Mike Rapoport March 3, 2023, 2:19 p.m. UTC | #1
On Tue, Feb 28, 2023 at 09:37:03PM +0000, Matthew Wilcox (Oracle) wrote:
> This patchset changes the API used by the MM to set up page table entries.
> The four APIs are:
>     set_ptes(mm, addr, ptep, pte, nr)
>     update_mmu_cache_range(vma, addr, ptep, nr)
>     flush_dcache_folio(folio)
>     flush_icache_pages(vma, page, nr)
> 
> flush_dcache_folio() isn't technically new, but no architecture
> implemented it, so I've done that for you.  The old APIs remain around
> but are mostly implemented by calling the new interfaces.
> 
> The new APIs are based around setting up N page table entries at once.
> The N entries belong to the same PMD, the same folio and the same VMA,
> so ptep++ is a legitimate operation, and locking is taken care of for
> you.  Some architectures can do a better job of it than just a loop,
> but I have hesitated to make too deep a change to architectures I don't
> understand well.

The new set_ptes() looks unnecessarily duplicated all over arch/
What do you say about adding the patch below on top of the series?
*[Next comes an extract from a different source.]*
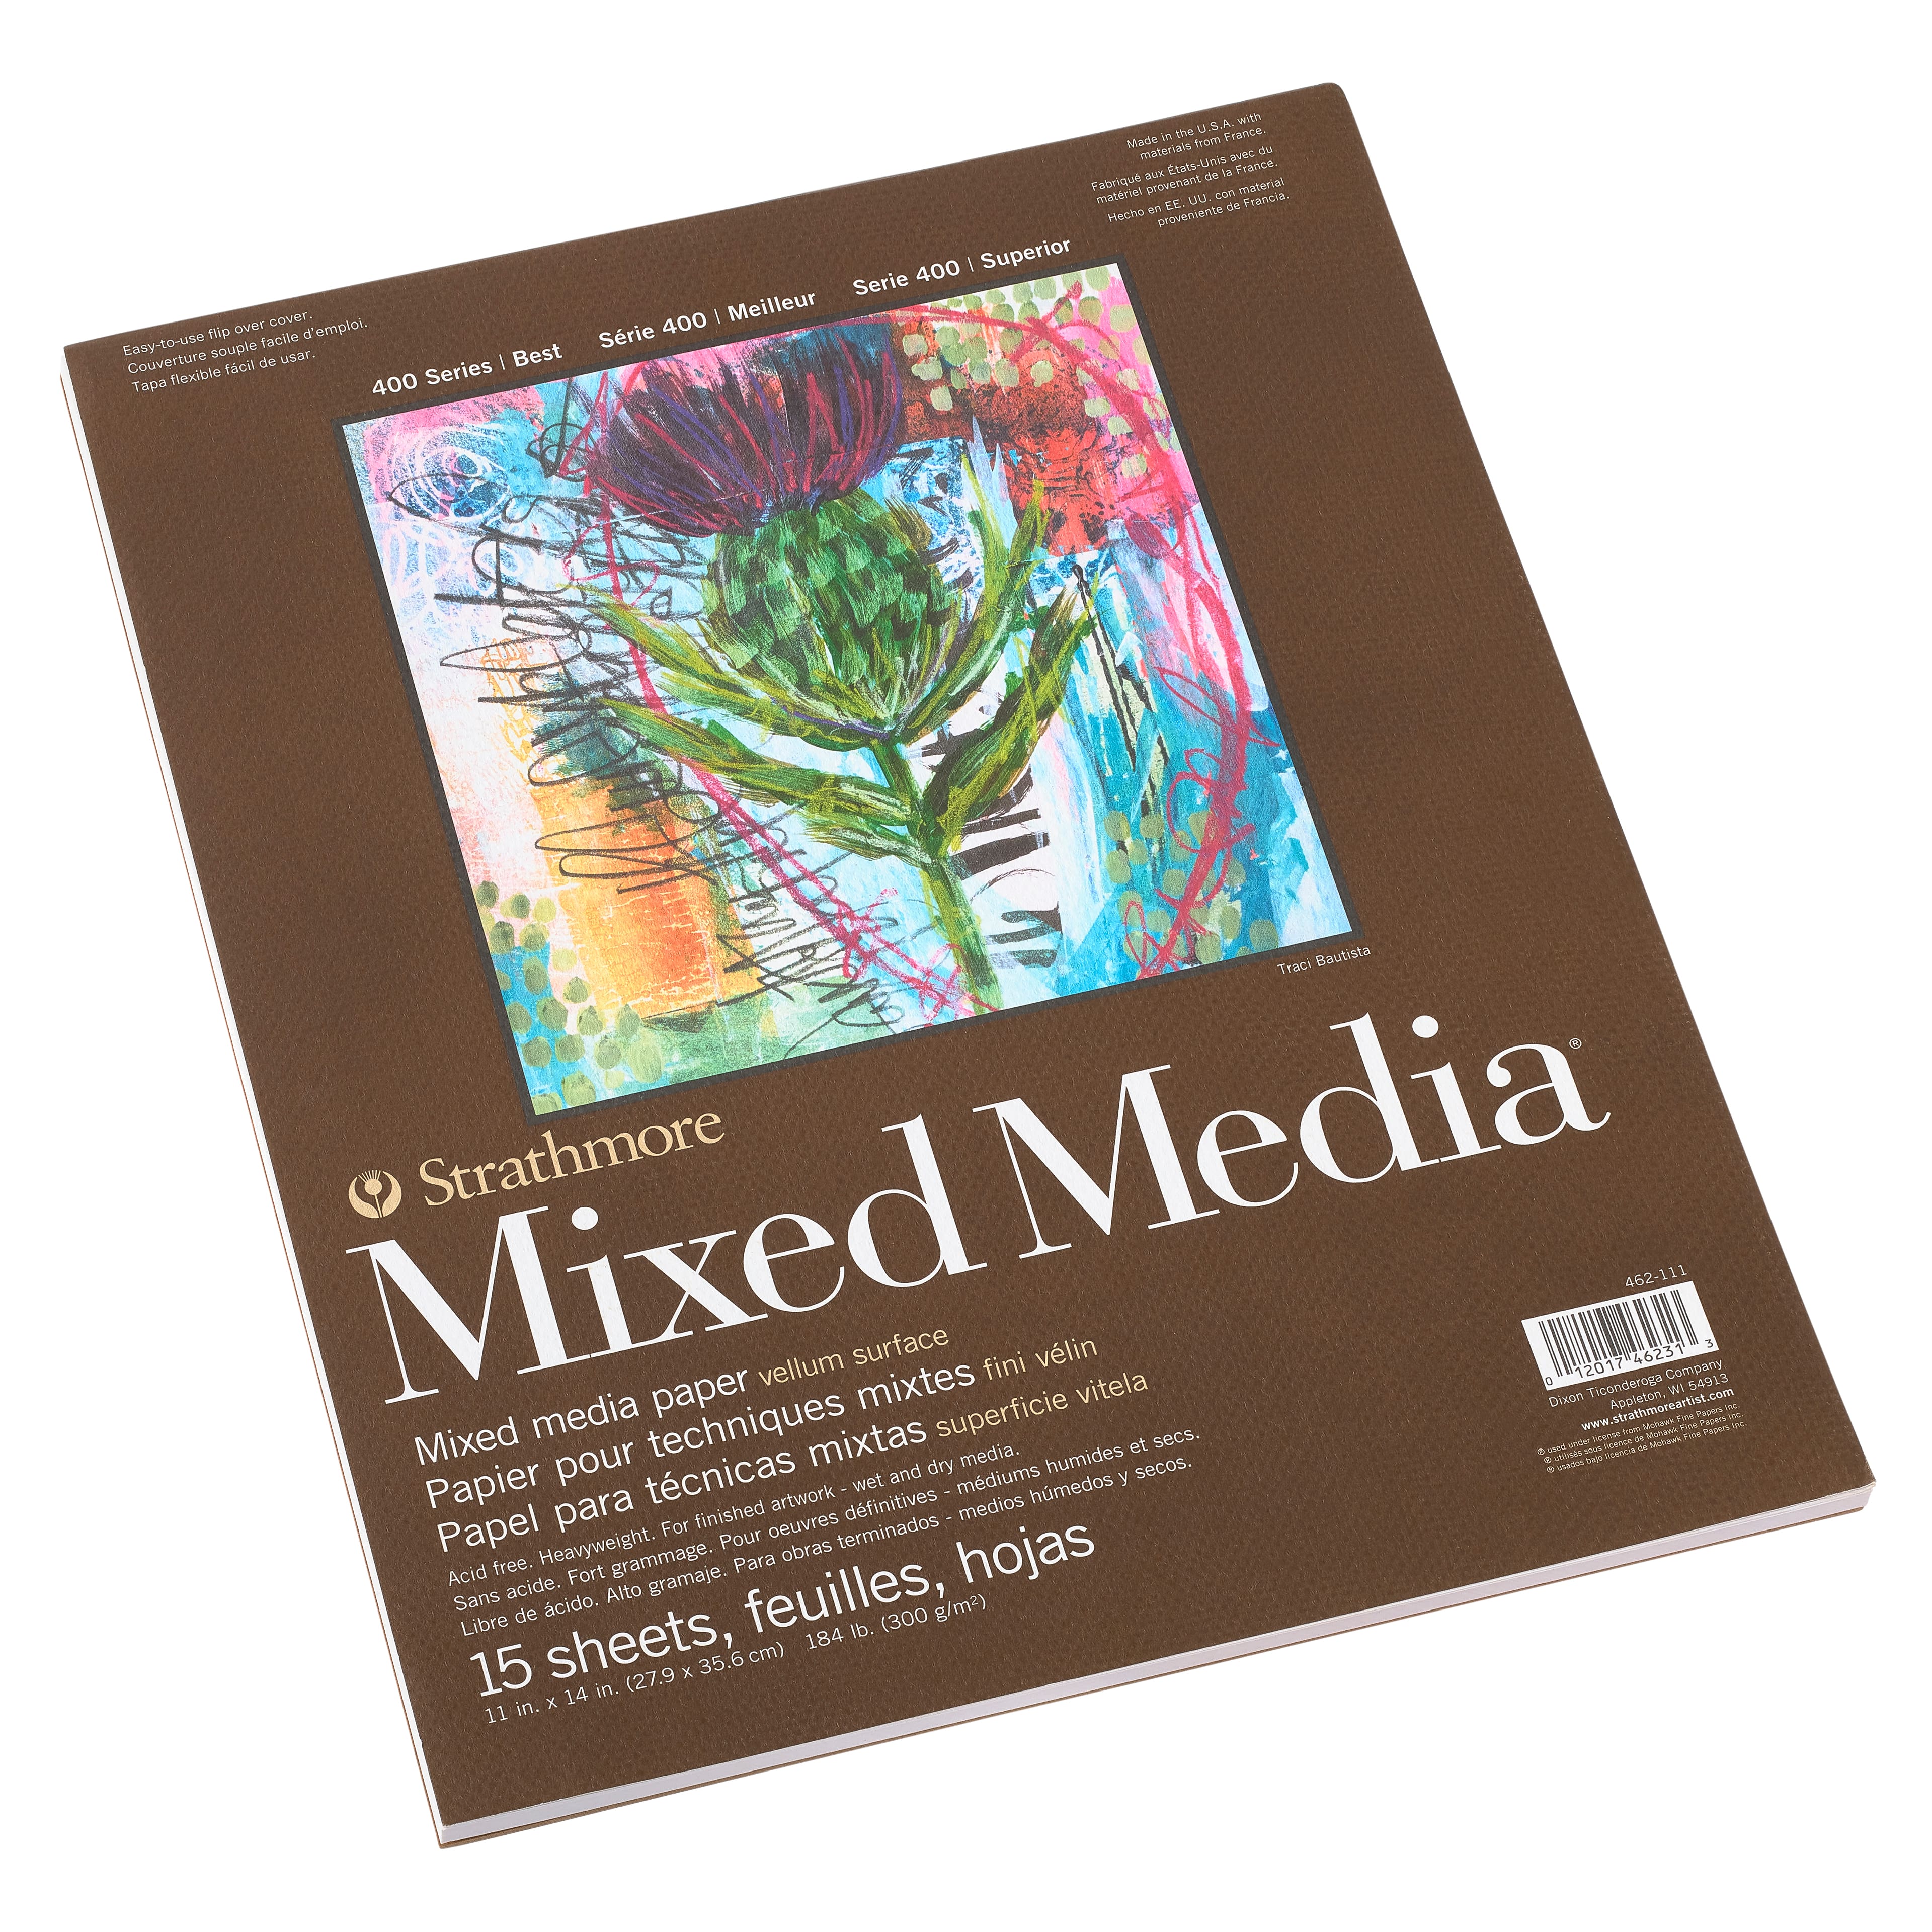 Strathmore 300 Series Mixed Media Pad Wirebound - 5.5x8.5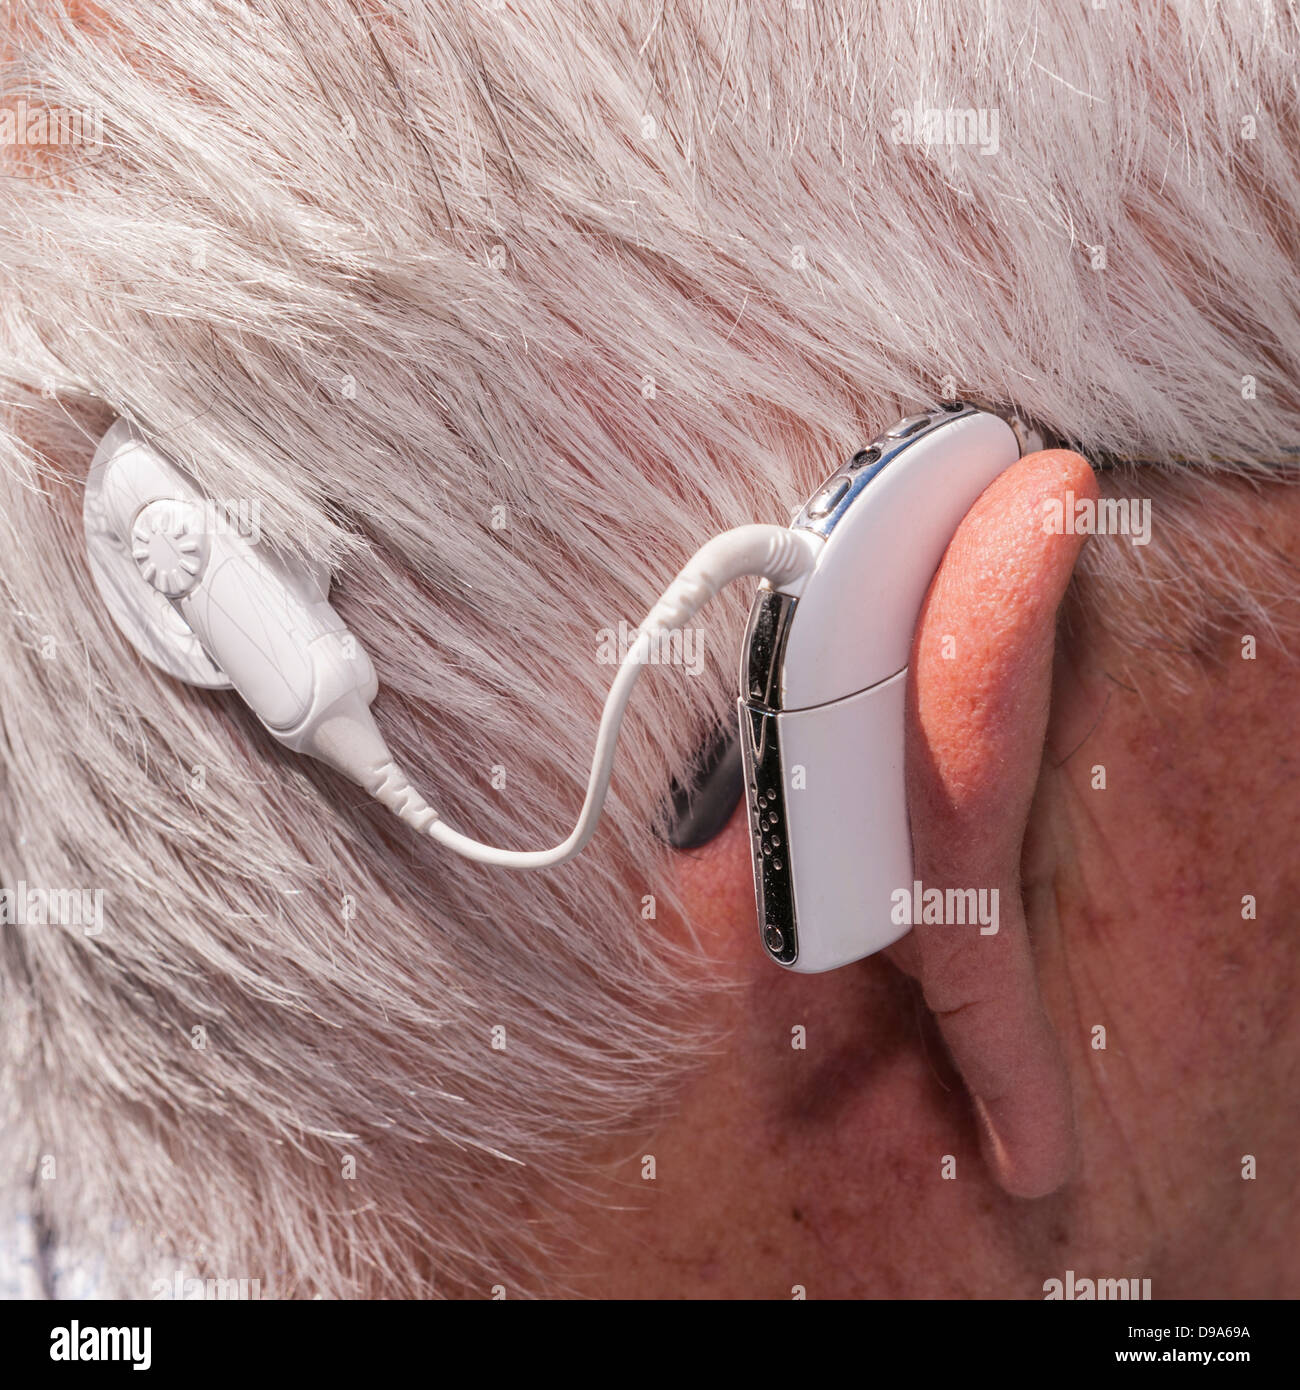 Usando un audífono de implante coclear fotografías e imágenes de alta  resolución - Alamy

Ideally it should be split into per-arch bits, but I can send it separately
as a cleanup on top.

diff --git a/arch/alpha/include/asm/pgtable.h b/arch/alpha/include/asm/pgtable.h
index 1e3354e9731b..65fb9e66675d 100644
--- a/arch/alpha/include/asm/pgtable.h
+++ b/arch/alpha/include/asm/pgtable.h
@@ -37,6 +37,7 @@ static inline void set_ptes(struct mm_struct *mm, unsigned long addr,
 		pte_val(pte) += 1UL << 32;
 	}
 }
+#define set_ptes set_ptes
 #define set_pte_at(mm, addr, ptep, pte) set_ptes(mm, addr, ptep, pte, 1)
 
 /* PMD_SHIFT determines the size of the area a second-level page table can map */
diff --git a/arch/arc/include/asm/pgtable-bits-arcv2.h b/arch/arc/include/asm/pgtable-bits-arcv2.h
index 4a1b2ce204c6..06d8039180c0 100644
--- a/arch/arc/include/asm/pgtable-bits-arcv2.h
+++ b/arch/arc/include/asm/pgtable-bits-arcv2.h
@@ -100,19 +100,6 @@ static inline pte_t pte_modify(pte_t pte, pgprot_t newprot)
 	return __pte((pte_val(pte) & _PAGE_CHG_MASK) | pgprot_val(newprot));
 }
 
-static inline void set_ptes(struct mm_struct *mm, unsigned long addr,
-		pte_t *ptep, pte_t pte, unsigned int nr)
-{
-	for (;;) {
-		set_pte(ptep, pte);
-		if (--nr == 0)
-			break;
-		ptep++;
-		pte_val(pte) += PAGE_SIZE;
-	}
-}
-#define set_pte_at(mm, addr, ptep, pte) set_ptes(mm, addr, ptep, pte, 1)
-
 void update_mmu_cache_range(struct vm_area_struct *vma, unsigned long address,
 		      pte_t *ptep, unsigned int nr);
 
diff --git a/arch/arm/include/asm/pgtable.h b/arch/arm/include/asm/pgtable.h
index 6525ac82bd50..0d326b201797 100644
--- a/arch/arm/include/asm/pgtable.h
+++ b/arch/arm/include/asm/pgtable.h
@@ -209,6 +209,7 @@ extern void __sync_icache_dcache(pte_t pteval);
 
 void set_ptes(struct mm_struct *mm, unsigned long addr,
 		      pte_t *ptep, pte_t pteval, unsigned int nr);
+#define set_ptes set_ptes
 #define set_pte_at(mm, addr, ptep, pte) set_ptes(mm, addr, ptep, pte, 1)
 
 static inline pte_t clear_pte_bit(pte_t pte, pgprot_t prot)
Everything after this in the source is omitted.